There’s similar energy in Colorado, where New Era Colorado has been a force within the state’s electoral politics for 16 years; the group has registered more than 250,000 young voters. The work done by New Era, plus changes to election access policy, brought record youth turnout in 2020. (Since 2020, Colorado has had automatic voter registration. New Era also worked in coalition to pass online voter registration and the Colorado Votes Act, which includes a provision to expand polling location access on college campuses.) Following the record turnout in 2020, executive director Nicole Hensel tells Teen Vogue, “we really asked ourselves: What are we wielding all of this political power for?” 

Over the course of a yearlong listening tour, young people offered specific answers: The result is the Youth Agenda, an issue platform shaped by young Coloradans that includes climate justice, reproductive rights, higher education and student debt, democracy reform, immigrant rights, LGBTQ rights, and more, with a set of demands for each issue, and more than 18 signs-on from partner organizations who lead on various issues.

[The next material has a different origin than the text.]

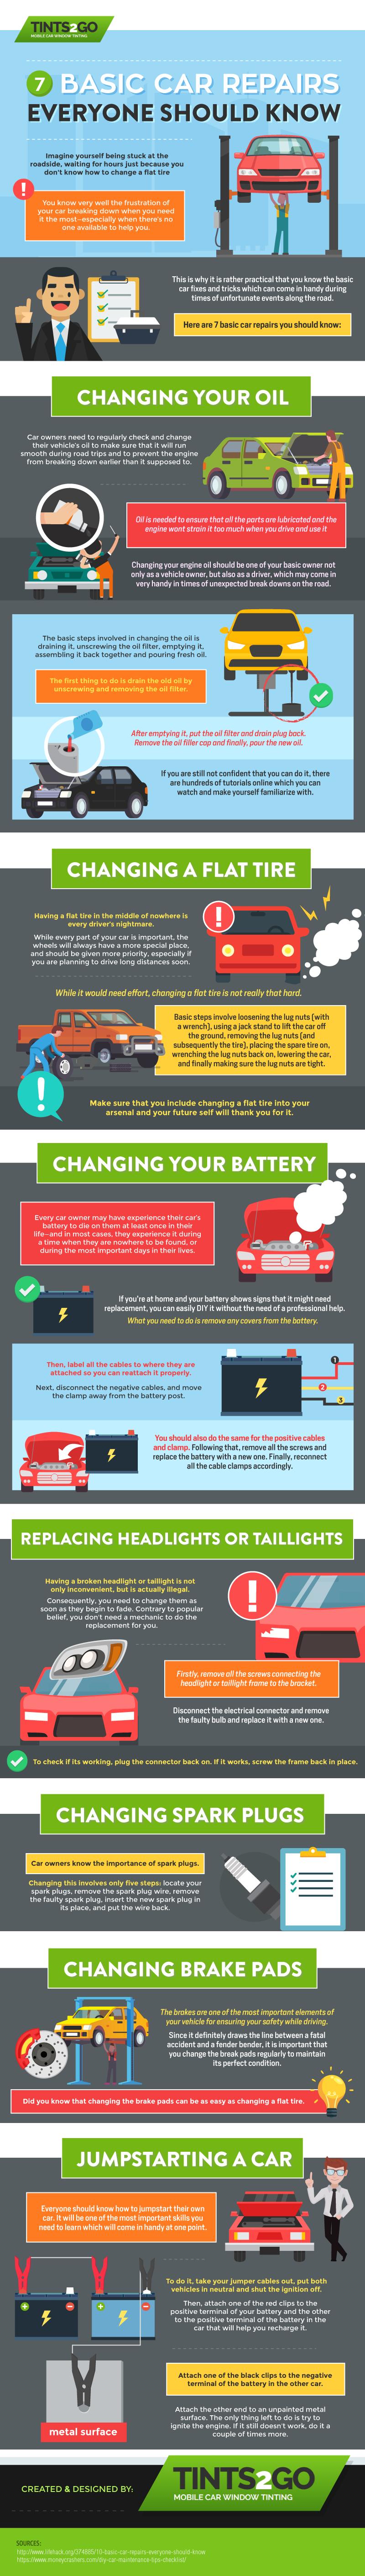 7 Basic Car Repairs Everyone Should Know

New Era’s field program has shifted too: They register voters, Hensel says, but they’re leading with issues rather than voter registration. The organization is most effective at the local level, Hensel adds, including focus on Youth Agenda wins at the city council level and on municipal ballot measures, and working within regional hubs so organizers can be responsive to local needs. “Whether it’s in Durango, in southwest Colorado, or Denver, Boulder, Fort Collins,” says Hensel, “we can be really responsive to any local measures or races that are happening there.” 

New Era knew the Youth Agenda was going to make people uncomfortable “who were always very comfortable with New Era when we were just turning out the youth vote and not asking for anything in return,” Hensel says. “Now that we’re asking for something in return, it makes people nervous.” Historically, though, the role of young people in society has been “imagining a future that doesn’t already exist.”